◆ Problem description ◆
Omit every picture, then return the listing verbatim.

◆ Source material ◆
+--

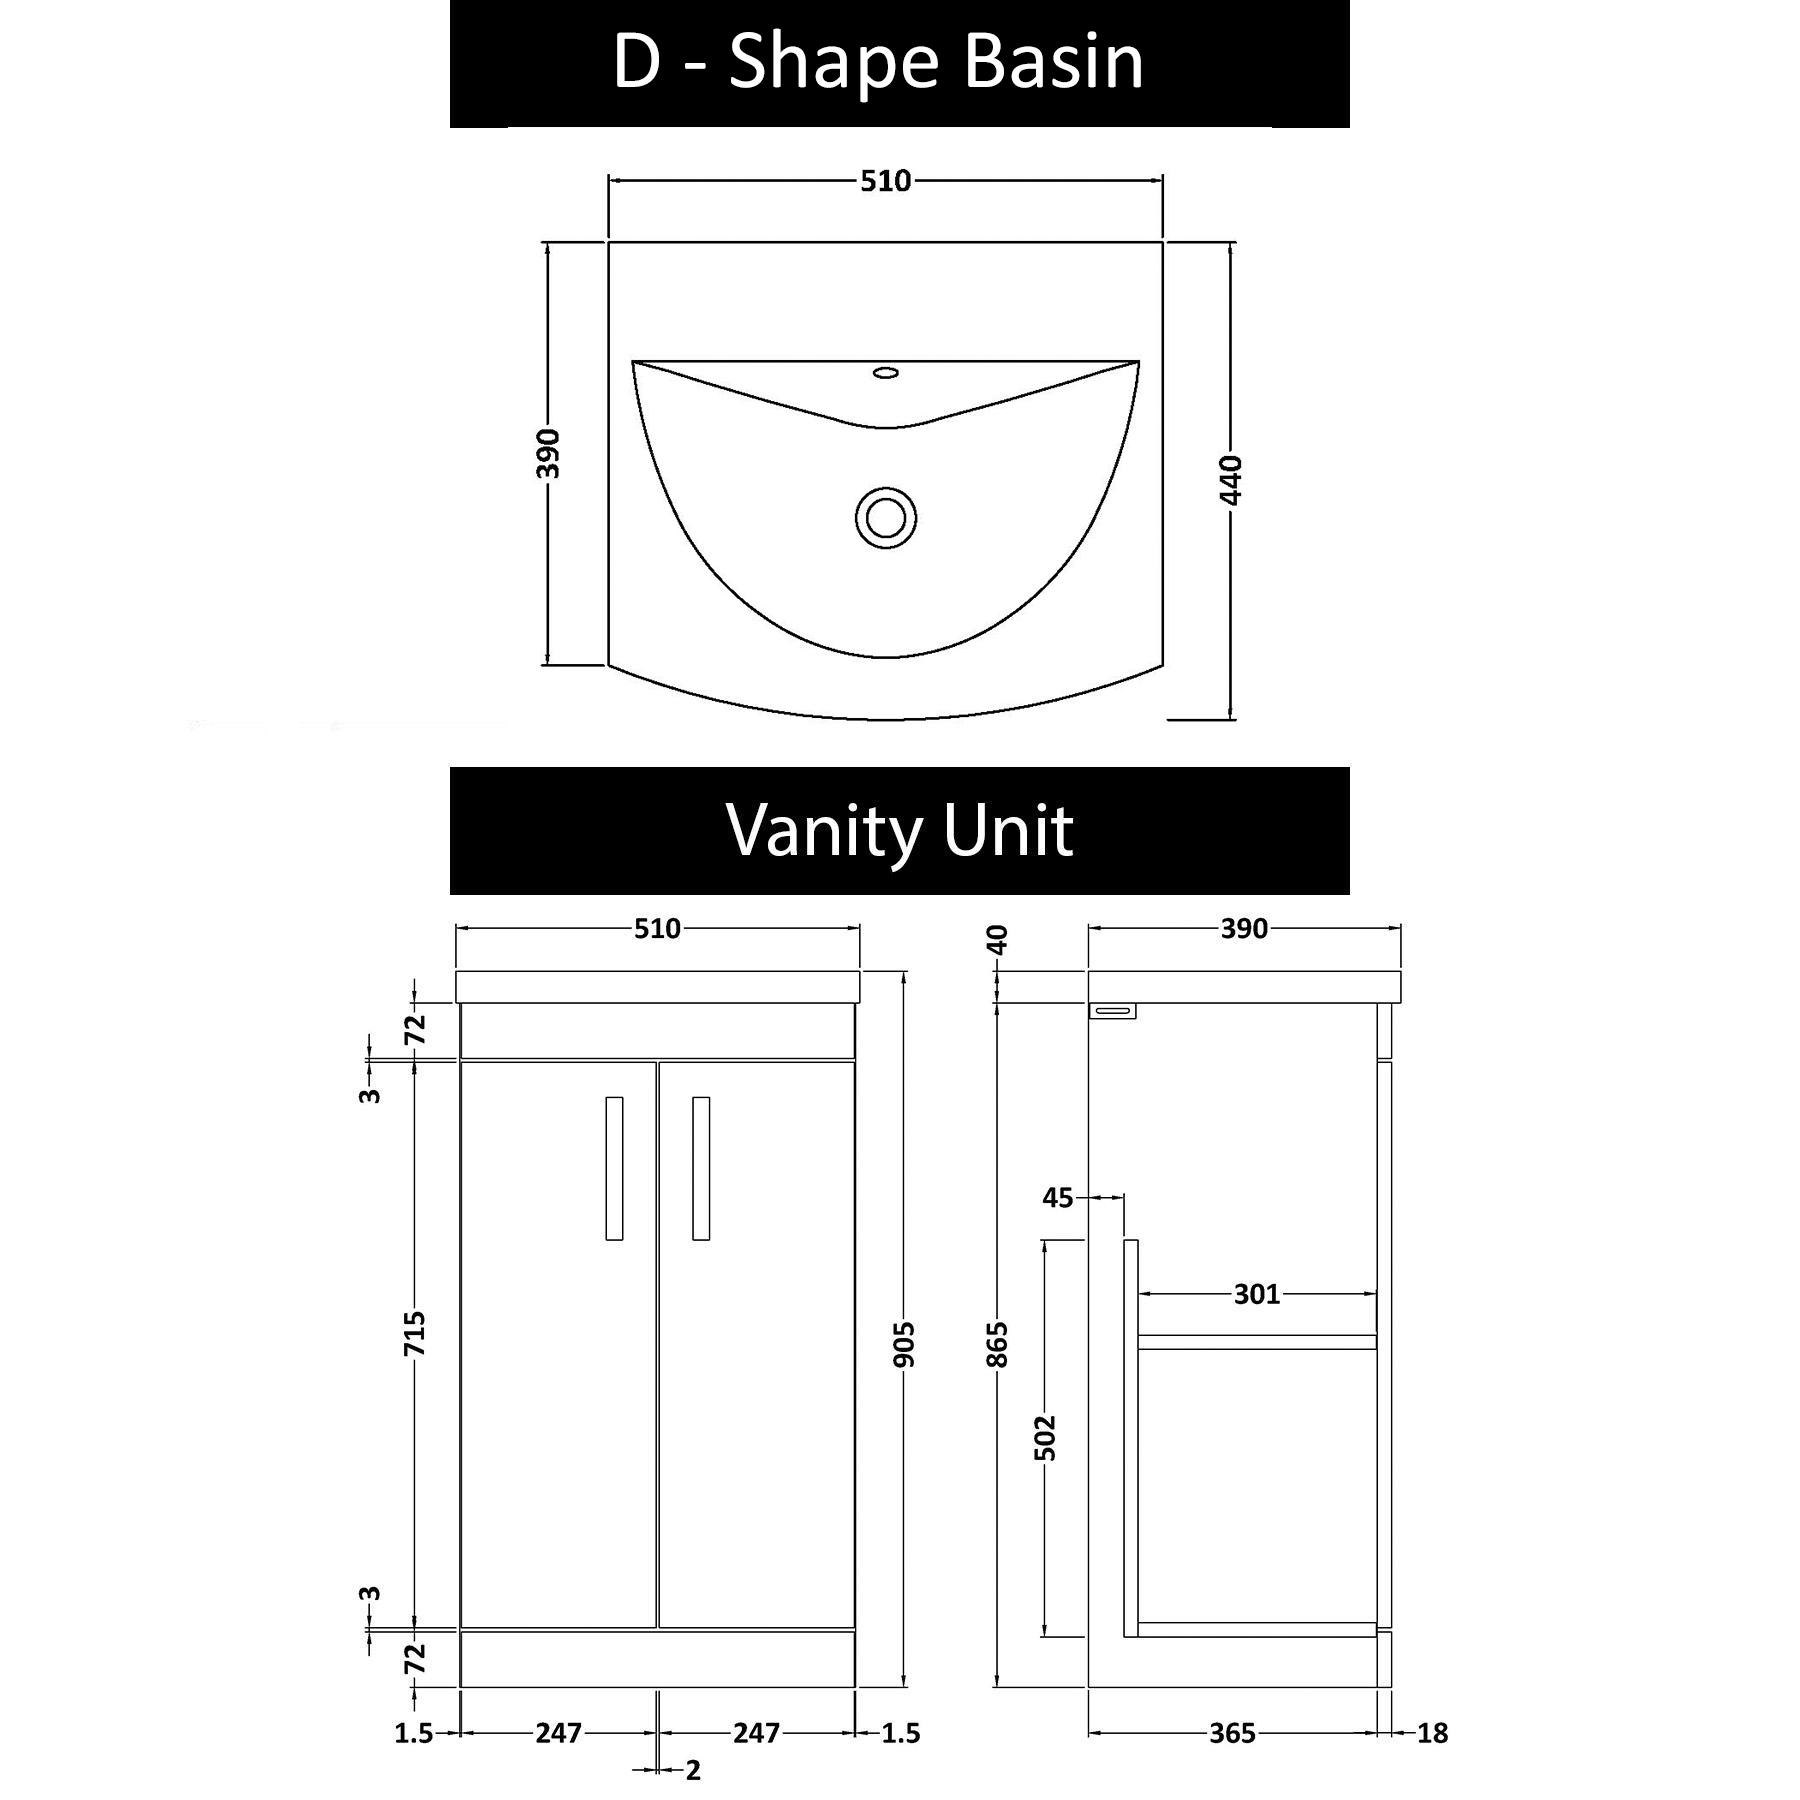  Marbella 500/600/800mm Gloss White 2 Door Floor Standing Vanity Unit with Curved Basin
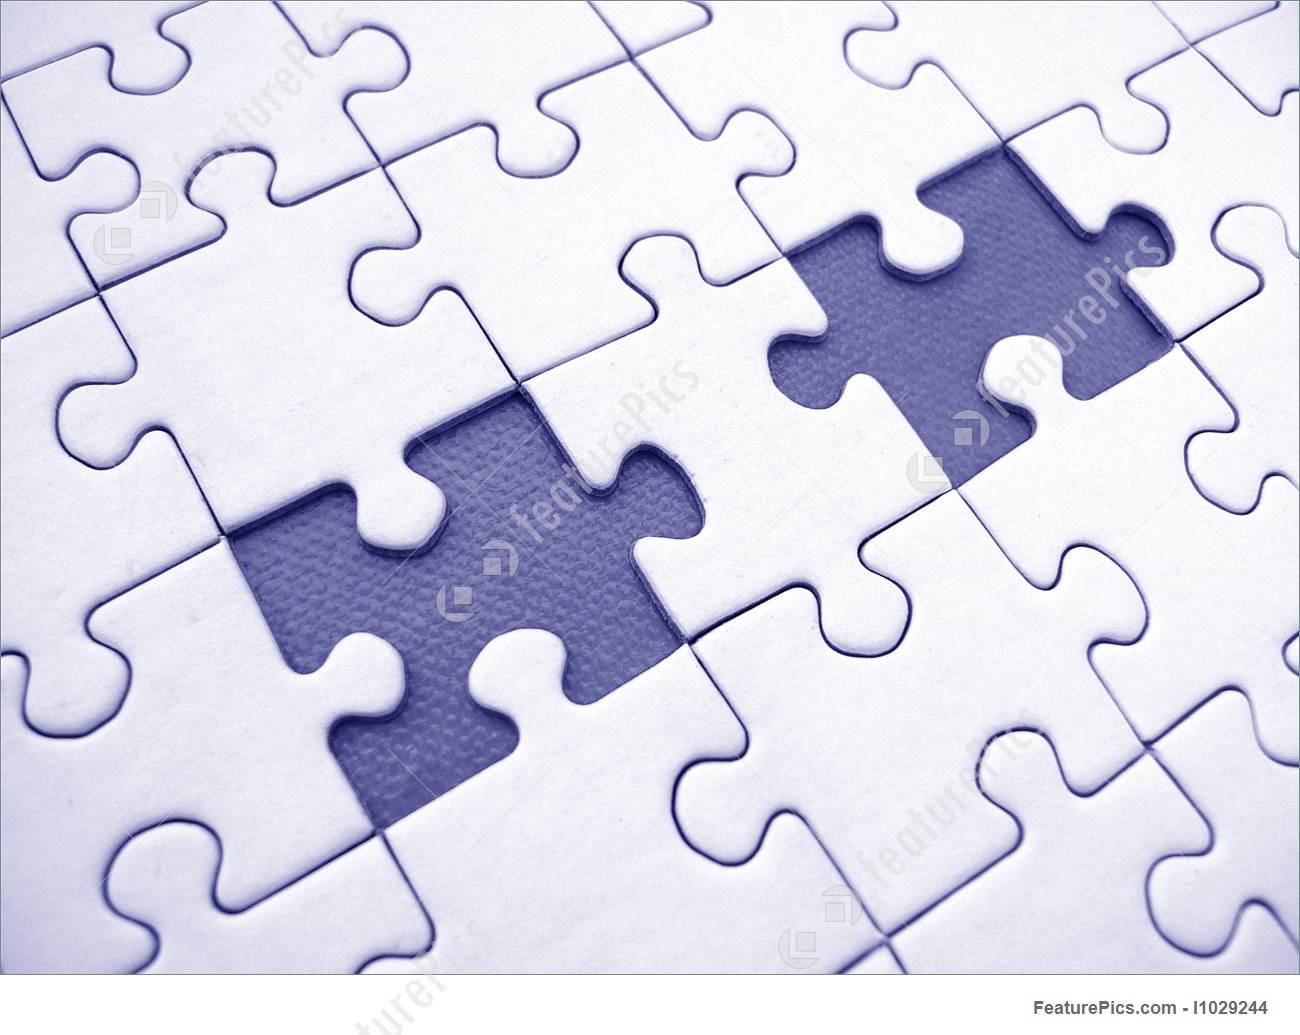 Jigsaw Background Stock Image I1029244 At Featurepics
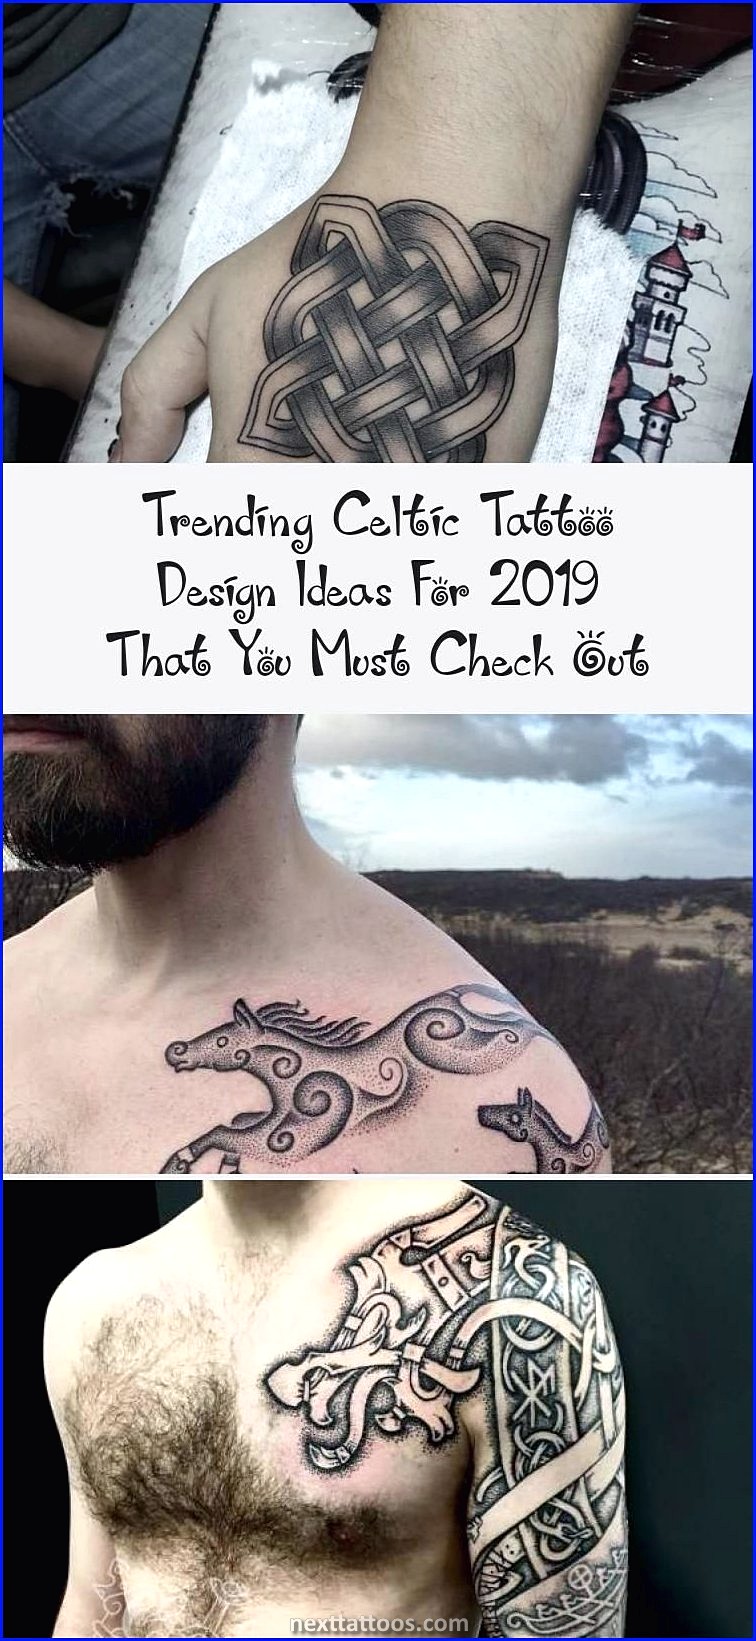 Trending Tattoo Ideas For Men and Women
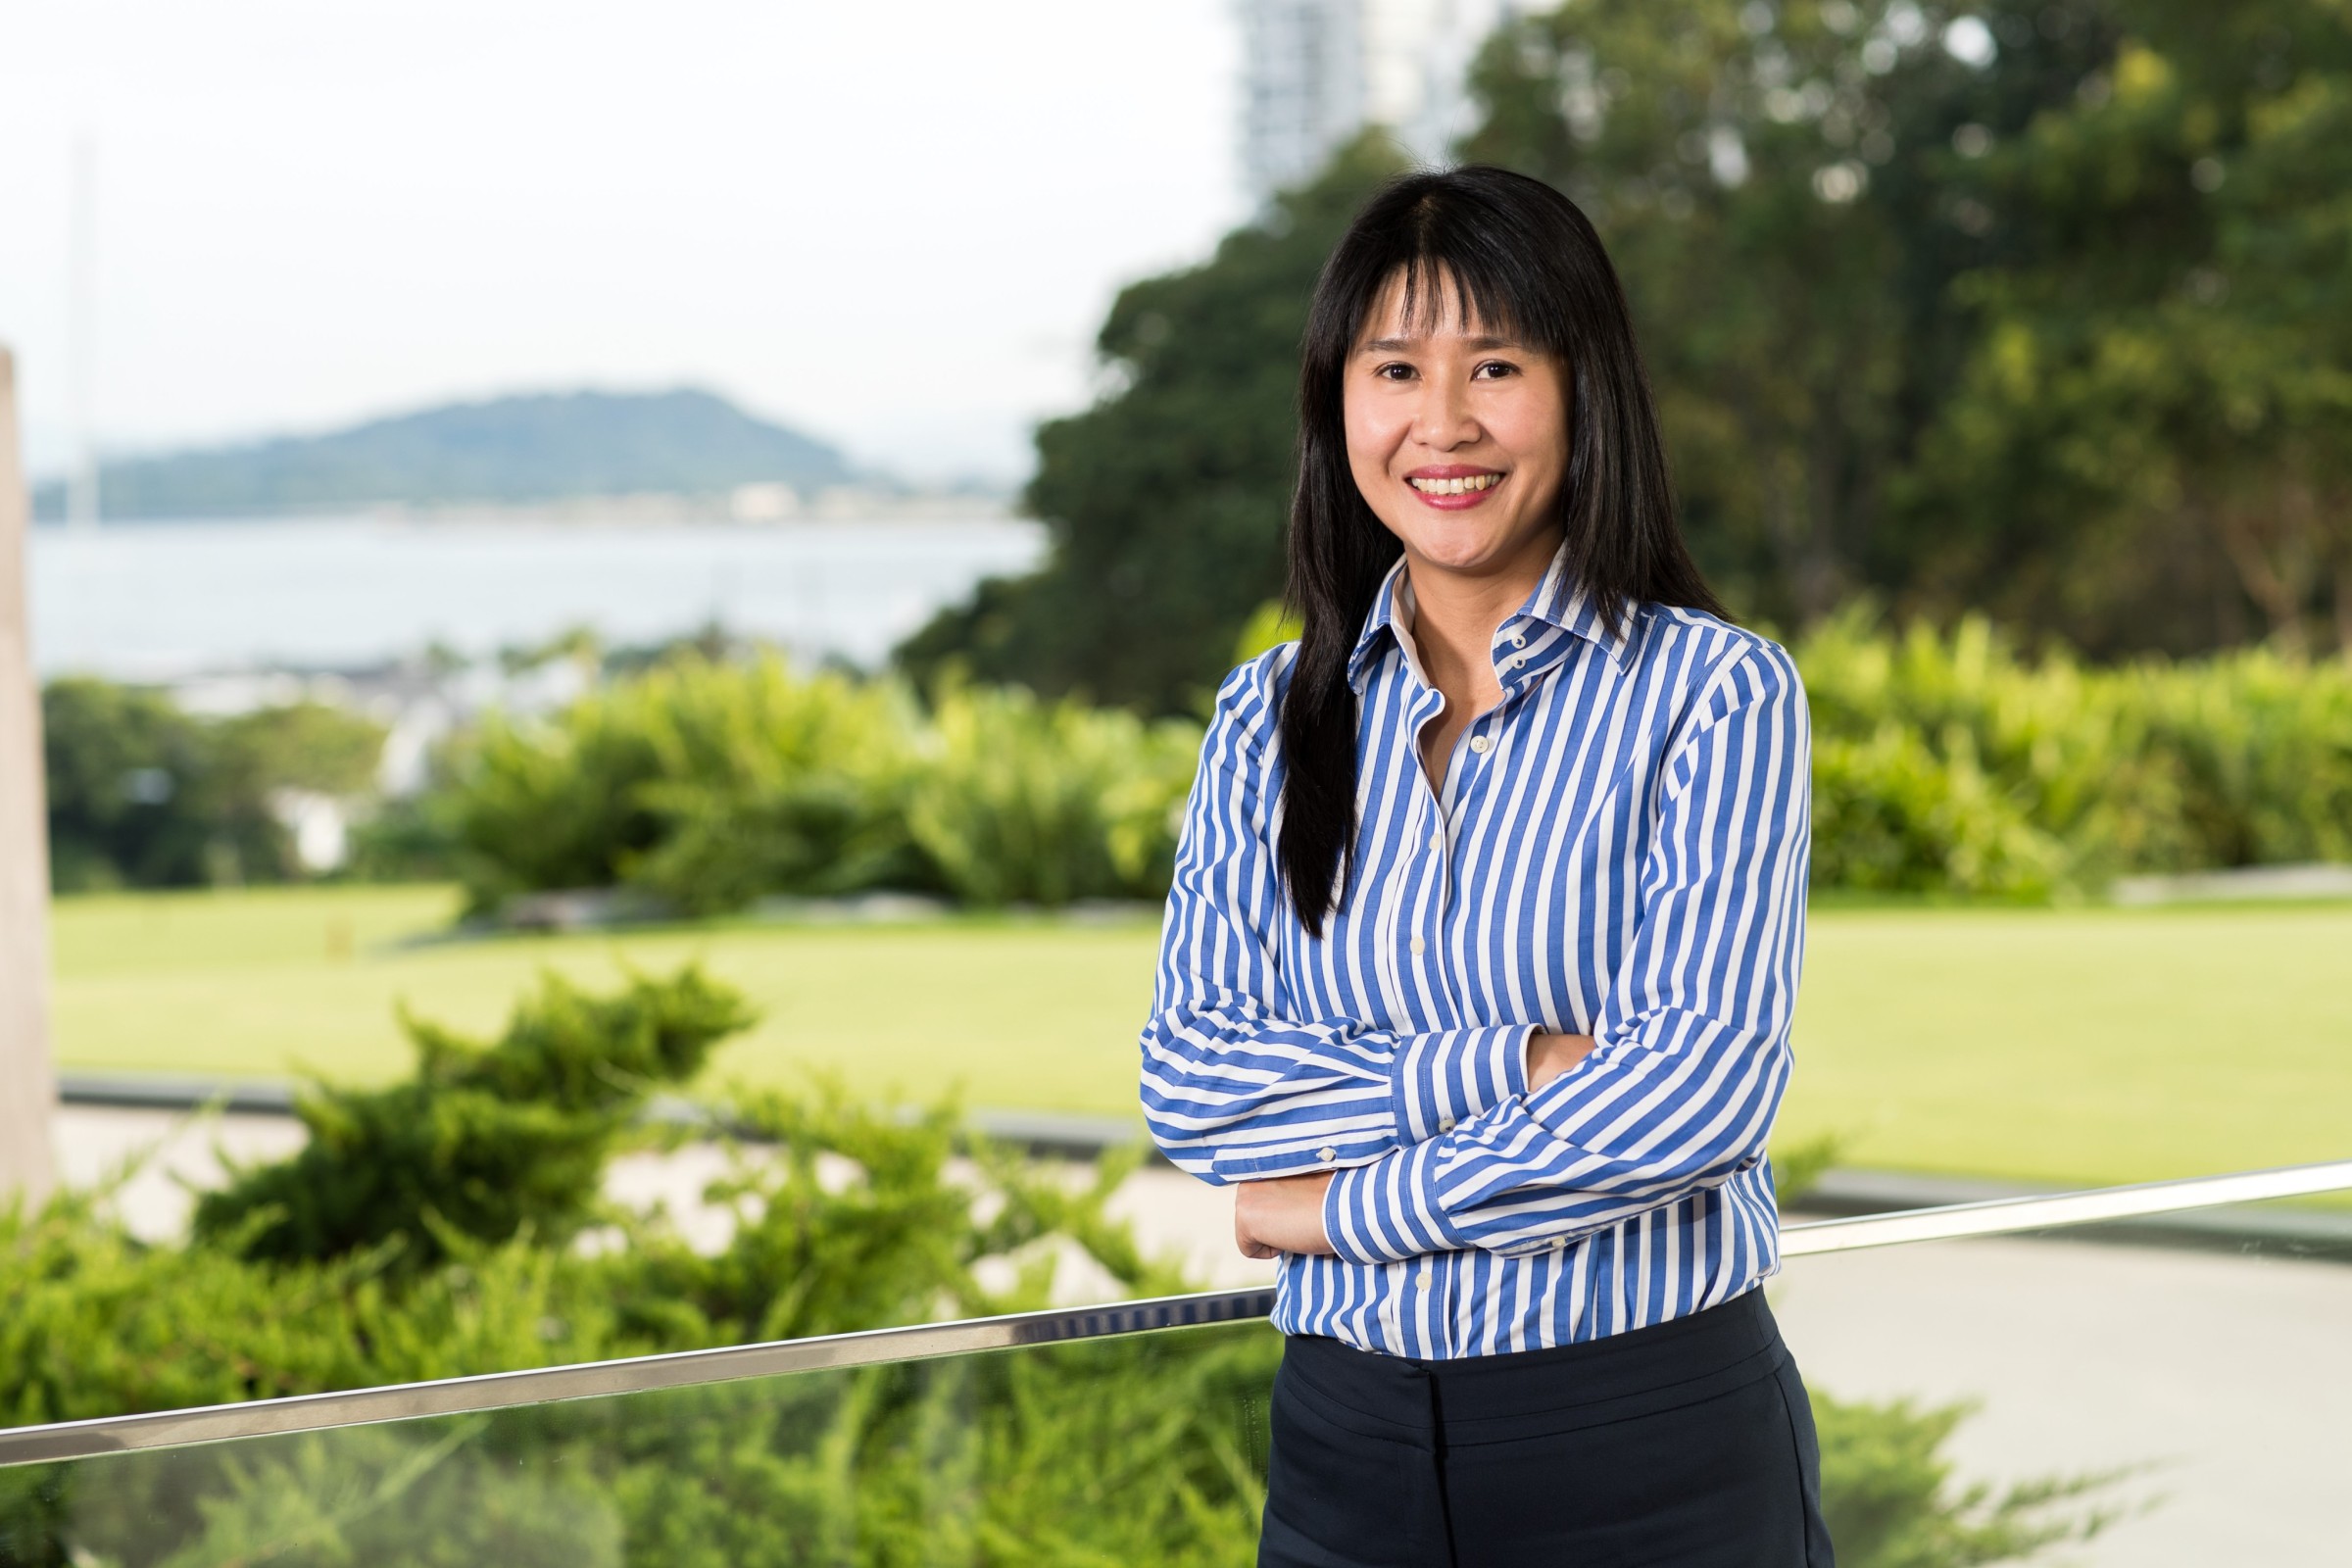 Introducing Nicole Threw, Director of Golf at Singapore’s Sentosa Golf Club

+--

◆ Task output ◆
  Marbella 500/600/800mm Gloss White 2 Door Floor Standing Vanity Unit with Curved Basin
 Jigsaw Background Stock Image I1029244 At Featurepics
 Trending Tattoo Ideas For Men and Women
 Introducing Nicole Threw, Director of Golf at Singapore’s Sentosa Golf Club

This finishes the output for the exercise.